For holidaymakers due to go abroad in the coming months, the changing exchange rates could cause confusion.

Last week, Secretary of State for Transport Grant Shapps confirmed the Government would not be adding any more countries to the UK’s green list for travel.

Furthermore, it made the decision to remove Portugal from the green list, sparking a flurry of desperate Britons fighting to get home before Tuesday’s quarantine rule comes into force.

The transport secretary defended the decision as a “safety-first” approach.

Mr Shapps told BBC News: “I want to be straight with people, it’s actually a difficult decision to make, but in the end, we’ve seen two things really which have caused concern.

“One is that the positivity rate has nearly doubled since the last review in Portugal, and the other is that there’s a Nepal mutation of the so-called Indian variants which has been detected.”
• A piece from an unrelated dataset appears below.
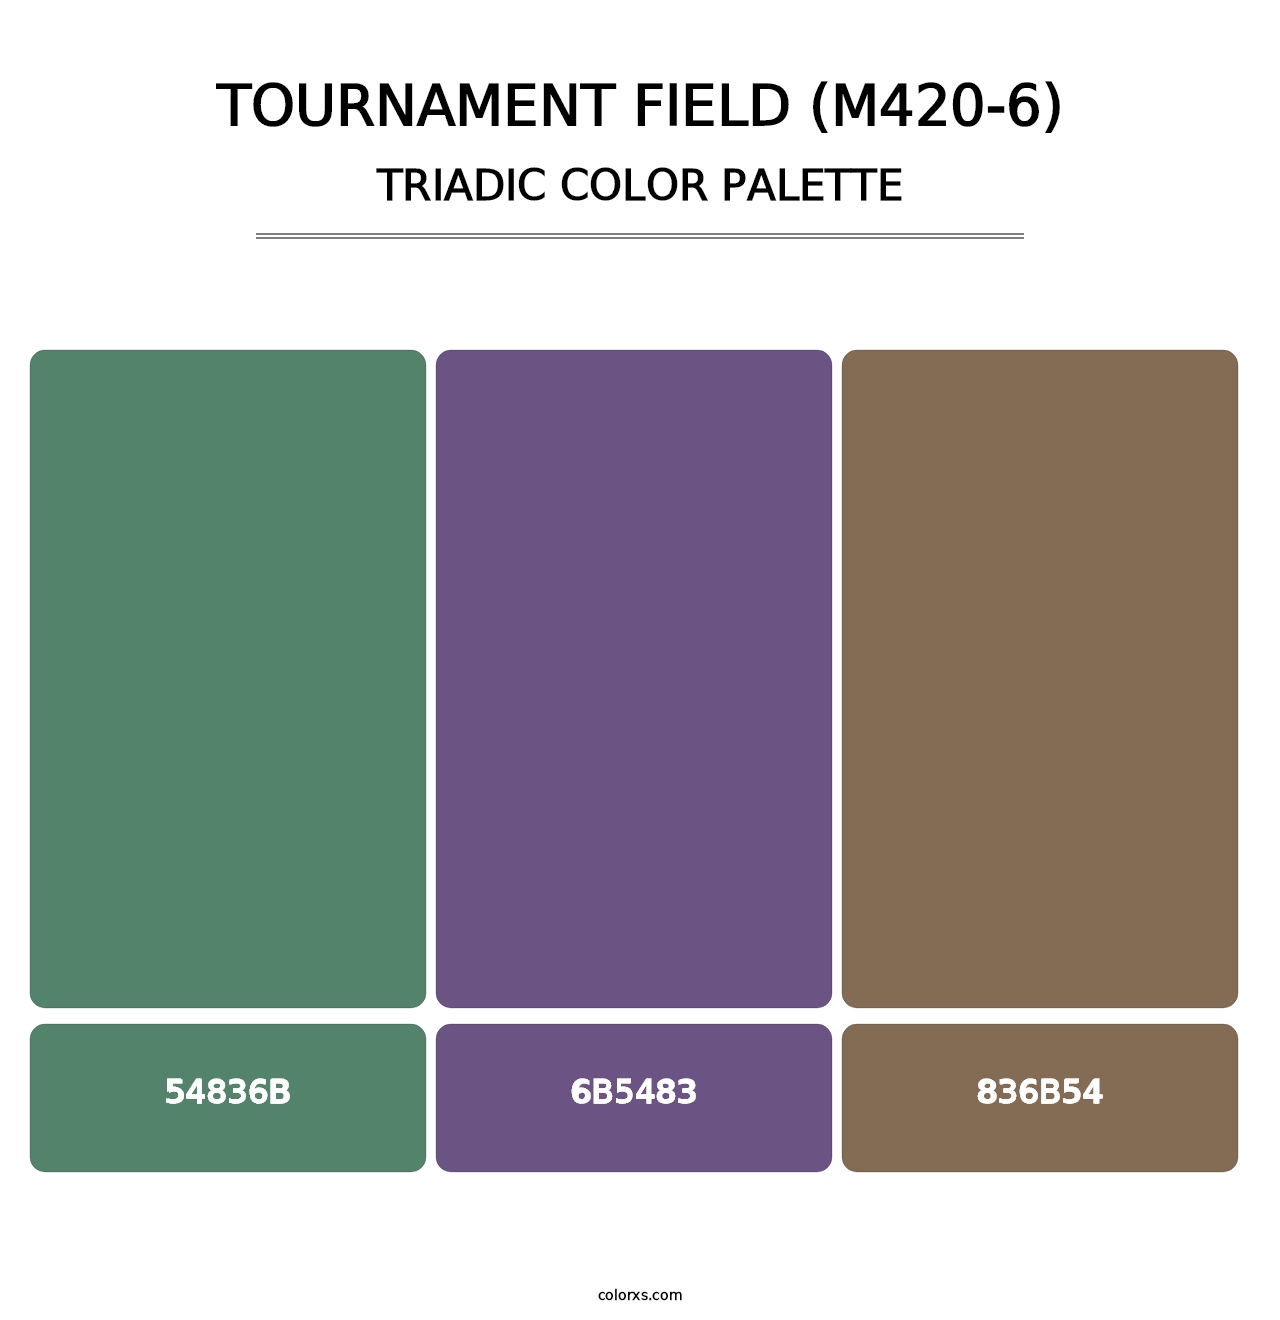 Tournament Field (M420-6) - Triadic Color Palette

He added: “We just don’t know the potential for that to be a vaccine defeating mutation and simply don’t want to take the risk, as we come up to June 21.”
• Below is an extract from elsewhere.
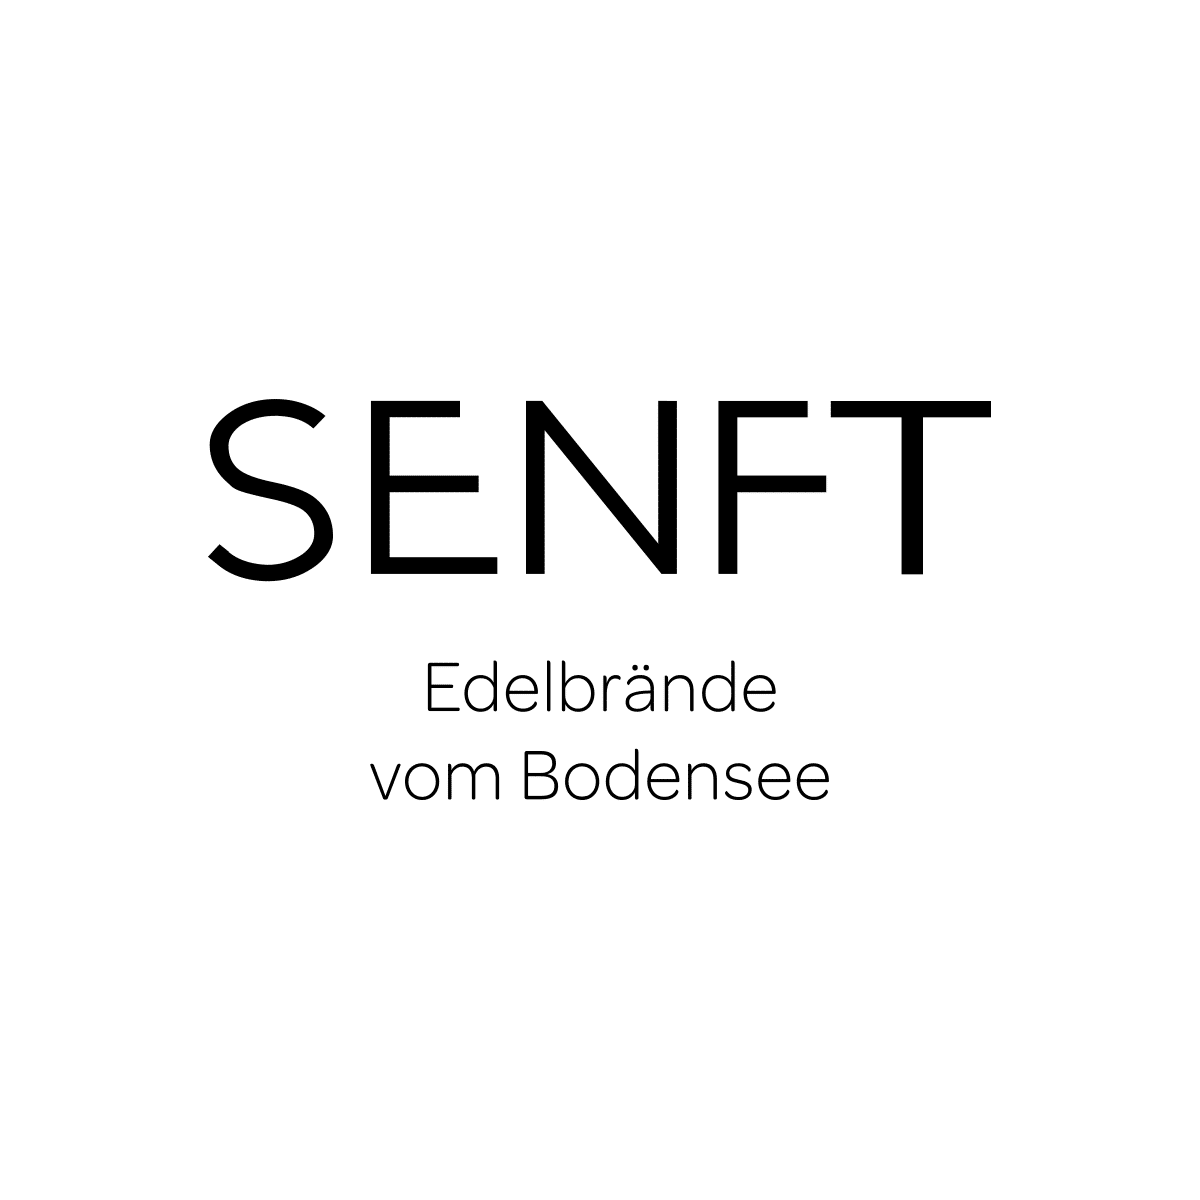 Edelbrände Senft Logo

With so much uncertainty surrounding whether or not other popular holiday destinations will make the green list in future, experts have cited caution over exchanging travel money.

“It may be tempting for many to rush to book this year’s holiday and take out holiday money now in preparation,” said James Lynn, co-CEO and co-founder of Currensea.

“However, while it is tempting to take out foreign currency in anticipation of a holiday I would advise against this.

“Market movements are often more marginal in reality than they appear.

“Especially during this volatile time, it’s safer to keep hold of your money in your UK bank account than purchasing or exchanging for holiday money.”